The release of outgoing City Manager Peter Wallace's report on Toronto's long-term financial plan once again shined a light on municipalities' structural fiscal deficit. His report estimates that in just five years' time, Toronto's annual operational budget deficit will grow to $1.42 billion, not to mention tens of billions more in unfunded capital projects.
Ontario municipalities in general, and the City of Toronto in particular, have much to be concerned about. The province's municipalities face a $60-billion infrastructure investment gap that includes everything from drinking water to pumping stations, sewers, roads and bridges. Whereas municipalities were responsible for some 36 per cent of infrastructure in the early 1960s, today this sits close to 60 per cent. As well, Ontario remains the only province in Canada where municipalities are responsible for administering more than half the costs of social assistance. And the funds transferred by the province to partially offset the decade of downloading through the 1990s are set to end this year.

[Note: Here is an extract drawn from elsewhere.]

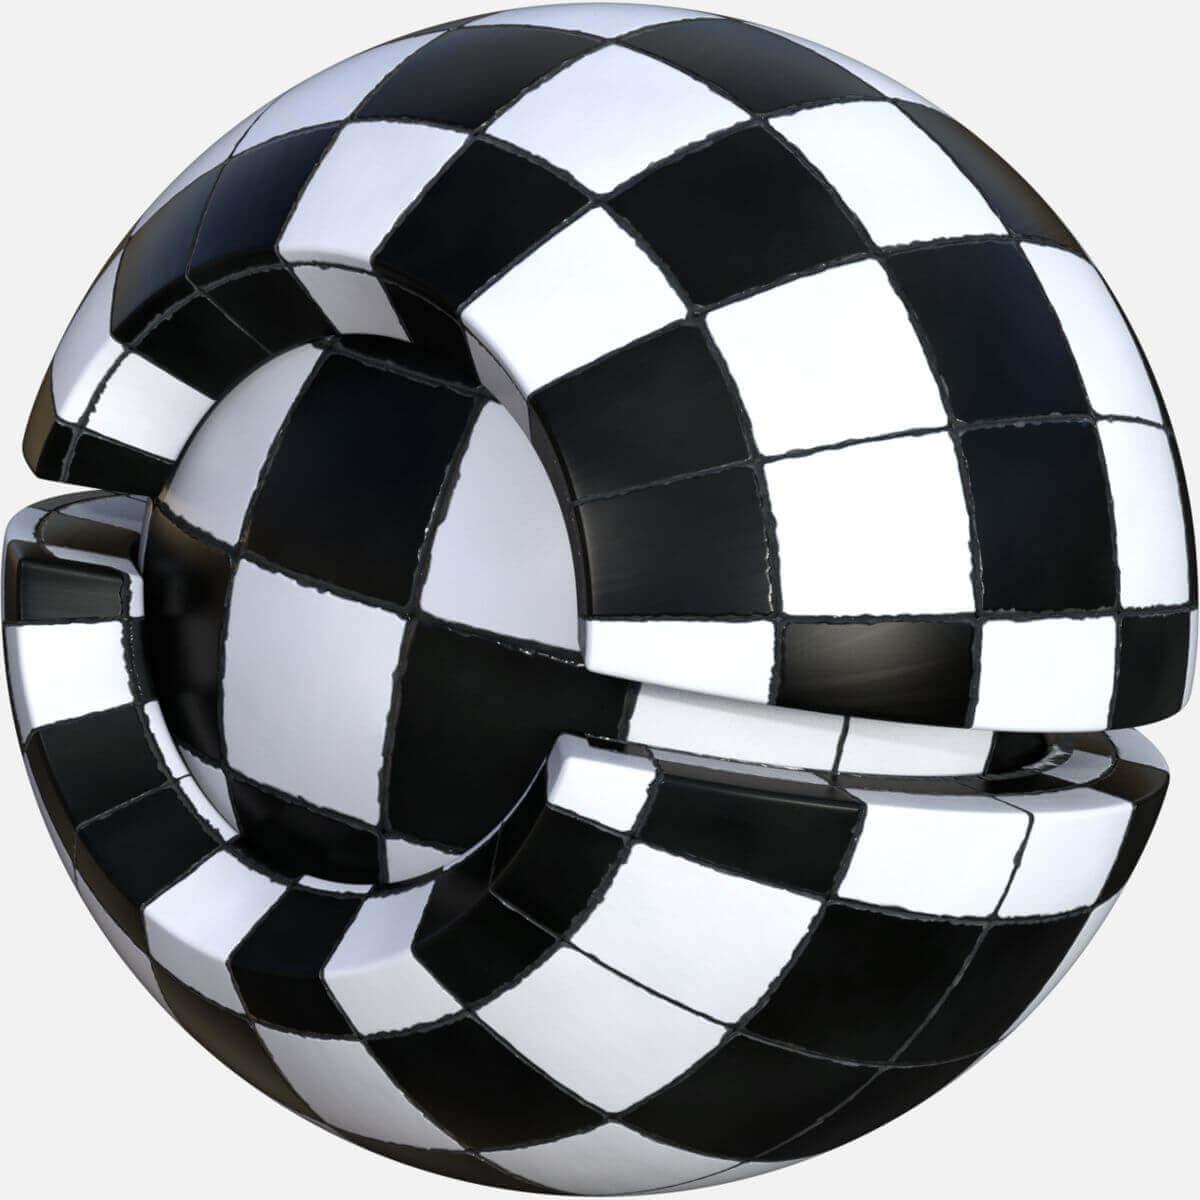 Stylized Checkered Floor Tiles Seamless Texture

As a result, pressures for municipalities to find cost savings have been growing. The privatization of municipal assets and contracting-out of employment has been put forward as a means to restore budgets. But the evidence of outsourcing and privatization suggests that the privatization of formerly public-sector jobs and the experiences of private-sector building projects on urban transport and infrastructure projects has correlated with more expensive infrastructure, reduced public oversight and lower service level provisioning.
Ontario municipalities... receive only nine cents of every tax dollar collected in the province.

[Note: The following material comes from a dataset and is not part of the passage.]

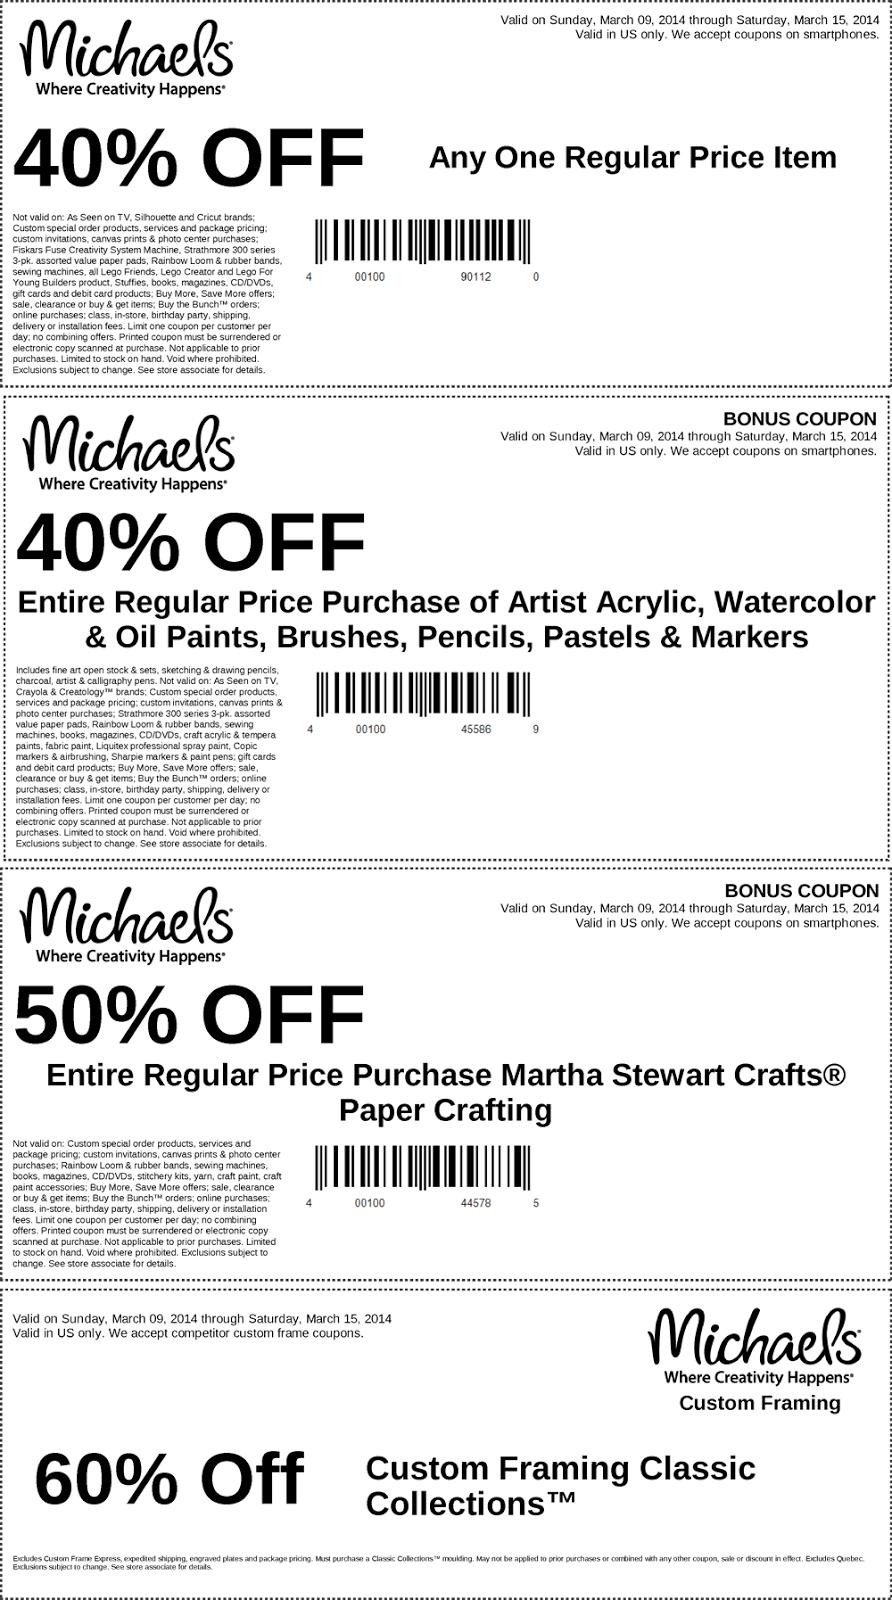 Michaels coupona - Ugg store sf

The City of Toronto receives one-third of its own-source tax revenues from property taxes. This is not only unsustainable in the long run, but unique internationally. The Nordic countries, Germany and Switzerland, for example, receive over 90 per cent of their tax revenue from income taxes, while Hungary and the Netherlands collect between 50 and 75 per cent of local revenue from various sales taxes. The same is true in France, Japan, Korea and the U.S., where sales taxes comprise about 20 per cent of local revenue.

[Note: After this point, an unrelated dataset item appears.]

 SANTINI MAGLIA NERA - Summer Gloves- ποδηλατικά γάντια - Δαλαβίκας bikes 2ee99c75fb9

The reality is that one-time fiscal injections from privatizations will not solve the underlying fiscal constraints of Ontario municipalities, which continue to receive only nine cents of every tax dollar collected in the province. There is no natural law dictating that local governments be dependent on the property tax. Adequately dealing with concerns over water quality, as well as crumbling roads, traffic congestion, public transit, urban social services and a host of other concerns means confronting the challenges of how to pay for them.
Where to start? A first initiative is simply to raise revenue in light of decades of federal and provincial offloading of services and responsibilities. The fiscal basis for this is, in a sense, straightforward in the reversal of the top-heavy tax cuts to corporate and personal incomes since the recession of 2008, including a dedicated portion of the HST. But new revenue tools are needed as well. Since the federal and provincial tiers of government possess the major powers of taxation, they have a responsibility to ensure that municipalities have the appropriate fiscal levers to meet their needs.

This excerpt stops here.